The memory development process should include robust static and dynamic analyzes to identify and mitigate potential failures throughout the silicon lifecycle prior to tapeout:
- Early life
- Static checks of analog and digital circuits
- Analog fault simulation
- normal life
- High Sigma Monte Carlo Analysis
- Static Power/Net Signal Resistance Checks
- End of life
- Dynamic analysis by electromigration/drop IR (EMIR)
- Silicon aging analysis
Synopsys PrimeWave Reliability Environment provides a unified workflow around all Synopsys PrimeSim Reliability Analysis reliability analysis technologies and Synopsys PrimeSim Continuum engines to improve productivity and ease of use. The process begins with Synopsys PrimeSim CCK, which extends traditional electrical rule checking (ERC) to the analog domain.

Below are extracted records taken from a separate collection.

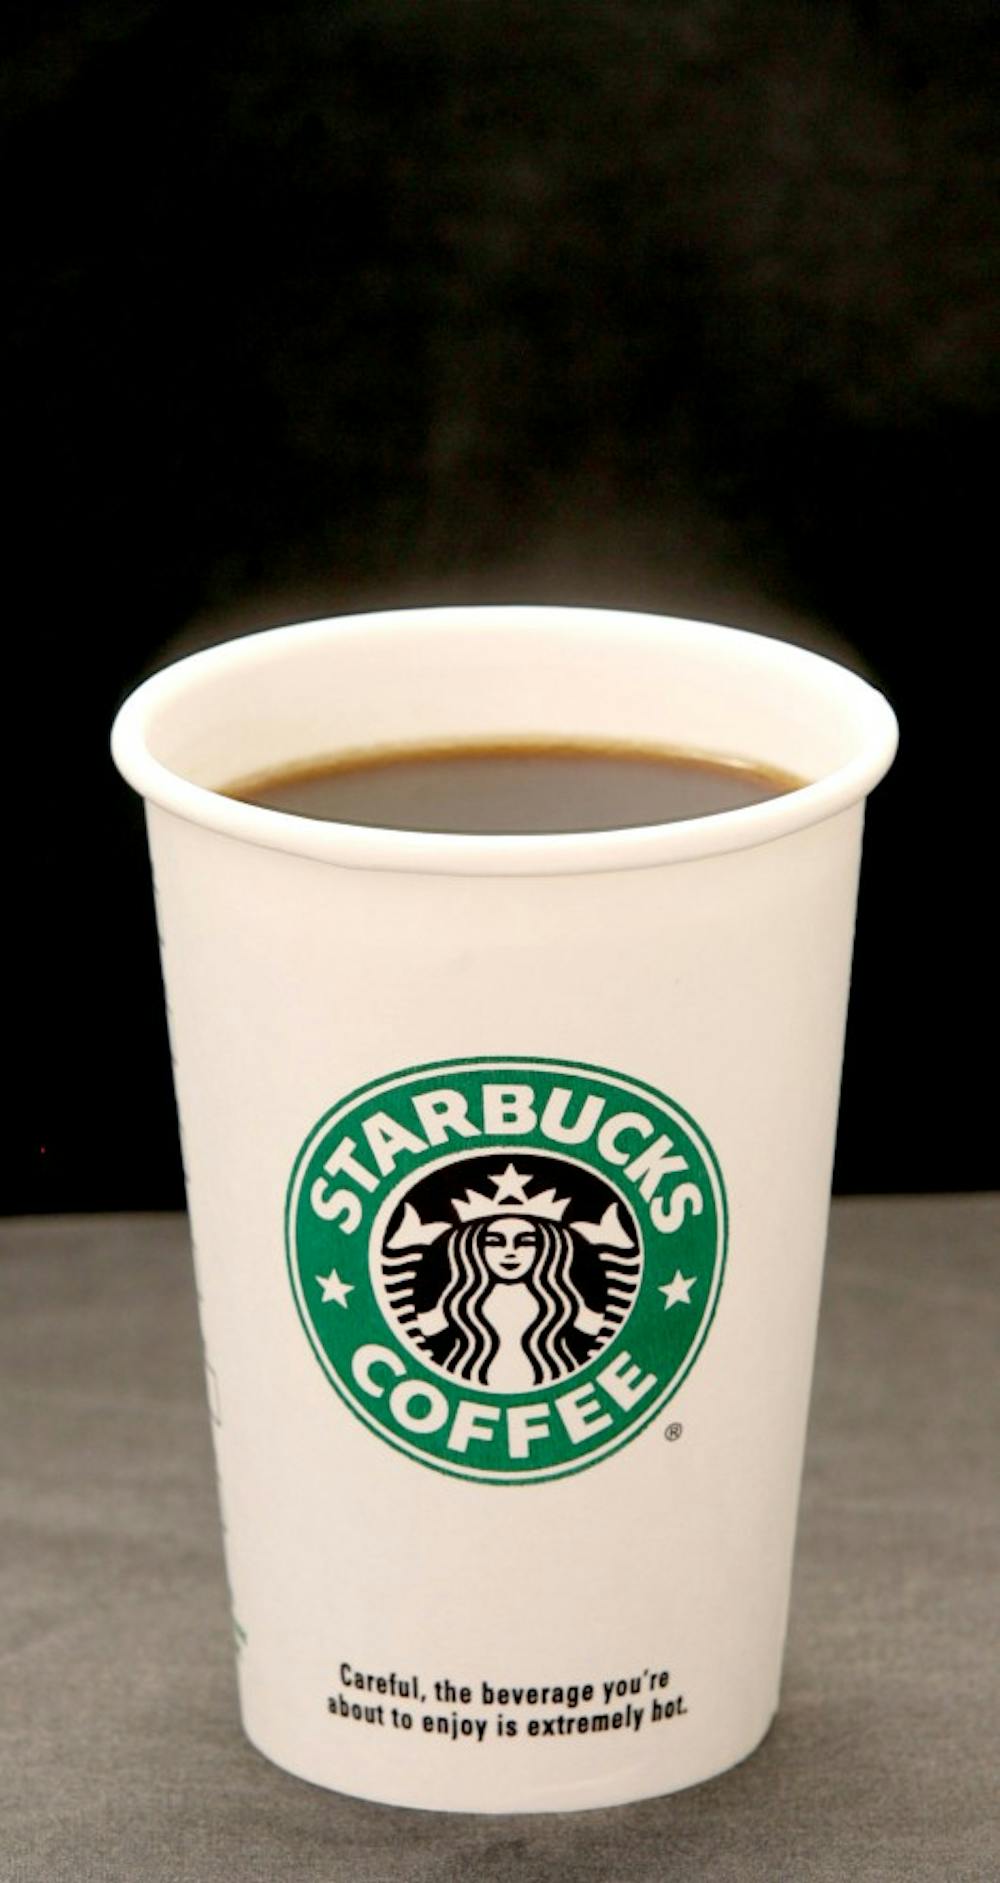 EMU Starbucks now offers $1 reusable plastic cups
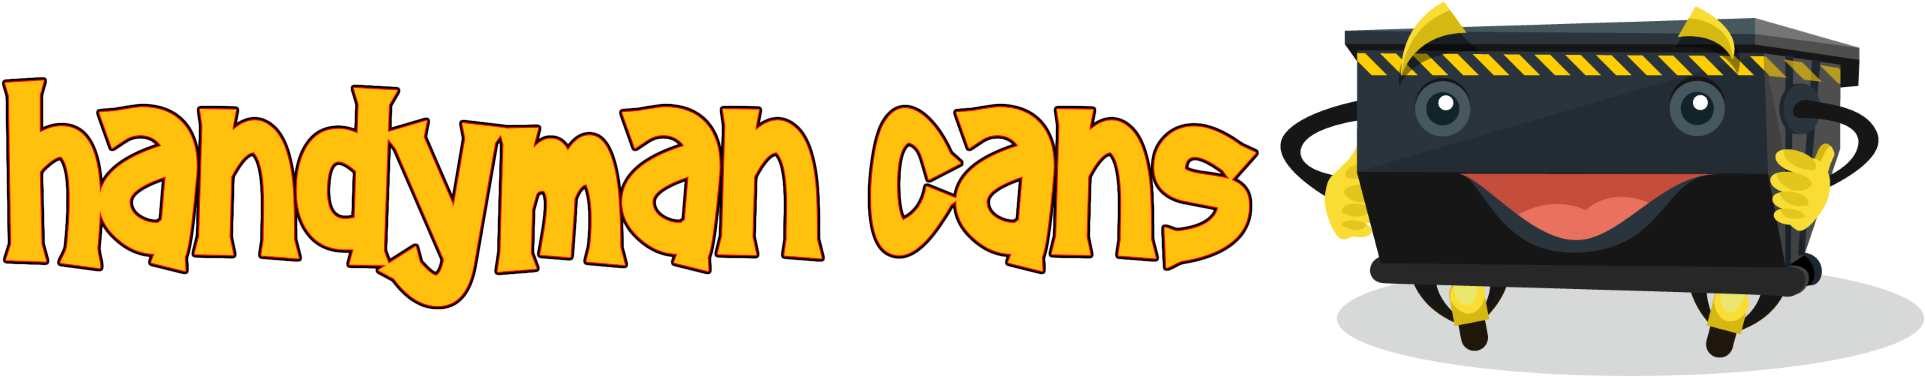 Handyman Cans Animated Logo PNG image
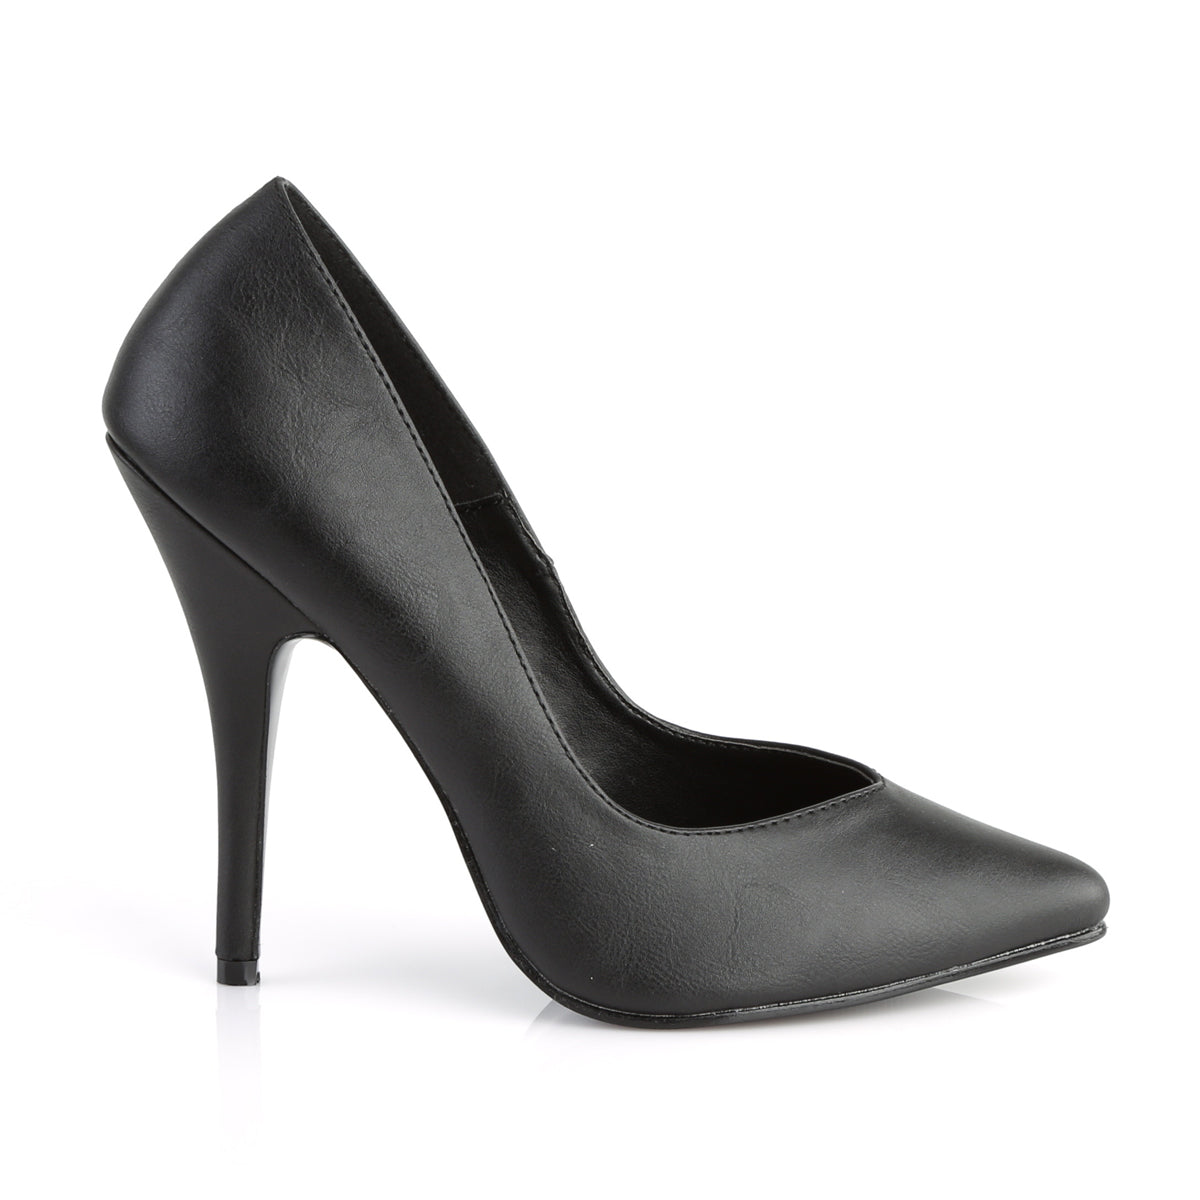 SEDUCE-420V Pleaser Sexy Shoe 5 Inch Heel Black Fetish Shoe-Pleaser- Sexy Shoes Fetish Heels

PrimeSim Custom Fault completes digital fault simulation to make functional safety and test coverage analysis practical for complete chips. It even meets the stringent requirements of ISO 26262 and other safety standards for Complex and Comprehensive Failure Modes, Effects, and Diagnostic Analysis (FMEDA).
Synopsys PrimeSim AVA provides high sigma (typically 4-7) Monte Carlo analysis. It uses machine learning (ML) techniques to operate more efficiently while delivering accuracy within 1% of the Synopsys PrimeSim HSPICE circuit simulator. ML reduces the number of runs by orders of magnitude compared to the traditional brute force Monte Carlo simulation approach.
Power/Ground integrity analysis is provided by Synopsys PrimeSim SPRES, which is fast enough to run early in the memory development process. Likewise, Synopsys PrimeSim EMIR offers both high performance and foundry-certified approval accuracy. This analysis covers the power distribution network (PDN) as well as signals in memory design. If problems are discovered, simulation analysis and debugging guidance makes it easier to find and fix the source of potential faults as the silicon ages.
Synopsys PrimeSim MOSRA verifies reliability risks due to the effects of silicon aging. It also offers high performance with foundry-certified precision. When combined with other PrimeSim reliability analysis technologies within the Synopsys PrimeWave reliability environment, memory designers can be confident that their chips will be functionally safe and reliable throughout a lifetime. long and productive silicon.
Finally, the memory reliability solution is complementary to Synopsys’ integrated Silicon Lifecycle Management (SLM) product family, which improves silicon reliability and performance at every phase of the device lifecycle:
- Design phase: Integrate on-chip monitors to provide information about dynamic on-chip environmental conditions in later phases; the reliability analysis takes place in parallel with this phase
- In-Ramp Phase: Focus on achieving acceptable yield before mass production by identifying systematic failures in silicon
- Production phase: continuously monitor and analyze all associated test manufacturing data to maintain high yield and reliability
- In-Field Phase: Monitor device aging and health in real-time while in use and extend device life by optimizing performance and power consumption.
Reliability throughout the lifecycle of silicon is essential for many demanding applications that drive memory design. Only a full spectrum of analysis, tied to a unified flow and certified by foundries, can provide the level of certainty stipulated by industry standards, demanded by customers and required by end users.
— Guy Cortez is senior product manager at Synopsys.